I am trying to model evented "actor per request" in fantom. Here's a simplified version of the problem i am running into:

So i've an actor pool with maximum of 1 thread. I create 10 actors all with this one actor pool. Only one of these 10 actors needs to do a big chunk of work that takes considerable time, Like say Actor.sleep(10sec). the others finish fairly quickly.. So you can imagine if the request for costly actor arrive first all other request have to wait for latest 10sec before finishing off their work since we have only one thread.

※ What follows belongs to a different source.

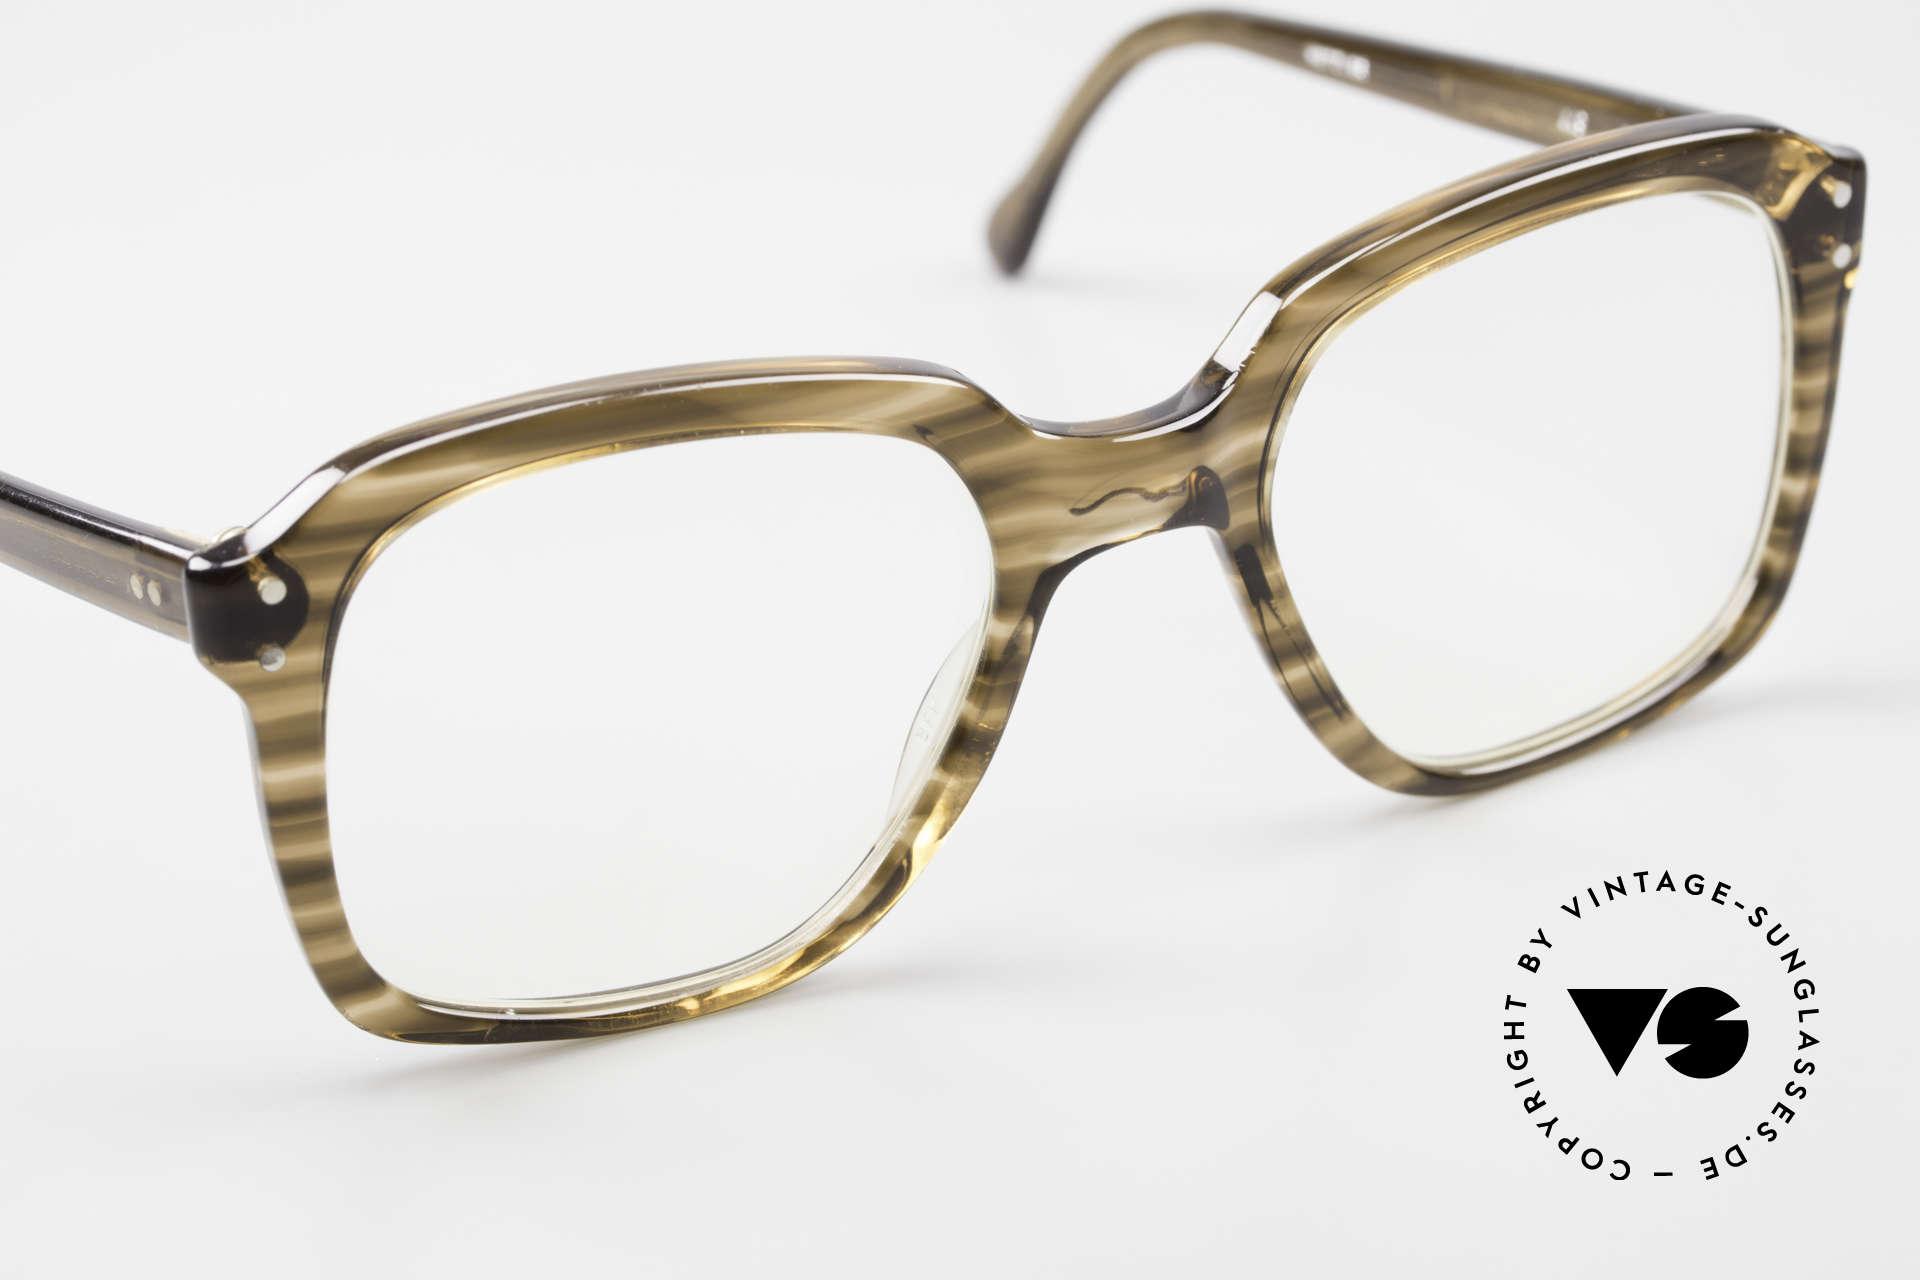 Metzler 449 Old 70's Original Nerd Glasses, the frame is made for lenses of any kind (optical / sun), Made for Men

So as a solution i split the 10sec task into 10- 1sec tasks. so I sleep for 1sec and send a message to same actor again to give a chance for other pending actors to jump in and complete their work in the middle. The code is below. However even though the request for processing other actors come first the current model seem to prefer the completion of current actor's messages first.. If you execute the code below you can see that the first 10sec is spent anyway on actor1 in spite of splitting up the work in different messages. Let me know what i am missing.

using concurrent

class ActorTest{
    Void main(){
        pool := ActorPool(){maxThreads = 1}
        //create 10 actors
        (1..10).each{
            MyActor(it, pool).send(null) 
        }

        //Wait this thread
        Env.cur.in.read
    }
}

const class MyActor : Actor{
    const Int num
    new make(Int num, ActorPool pool) : super(pool){
        this.num = num
    }

    override Obj? receive(Obj? msg){
        if(num > 1){ //everything else except actor1 can finish quickly
            echo("a simple echo for actor $num")
            return null
        }

        //This is actor 1, we'll sleep for 1sec 10 times

        Int? noOfTimesSlept := Actor.locals["times-slept"]
        if(noOfTimesSlept == null) noOfTimesSlept=0
        noOfTimesSlept++
        Actor.locals["times-slept"] = noOfTimesSlept
        if(noOfTimesSlept > 10){
            return null
        }

        echo("Sleeping 1sec for actor $num")
        Actor.sleep(1sec)
        this.send(null)
        return null
    }
}

brian Fri 4 Nov 2011

@kaushik

I think your fundamental problem is that you are trying to limit the pool to one thread. That will force a bottleneck by a single "hog" actor. As a general rule you want 3 to 4 times more threads than expected "hogs", so that things get scheduled efficiently.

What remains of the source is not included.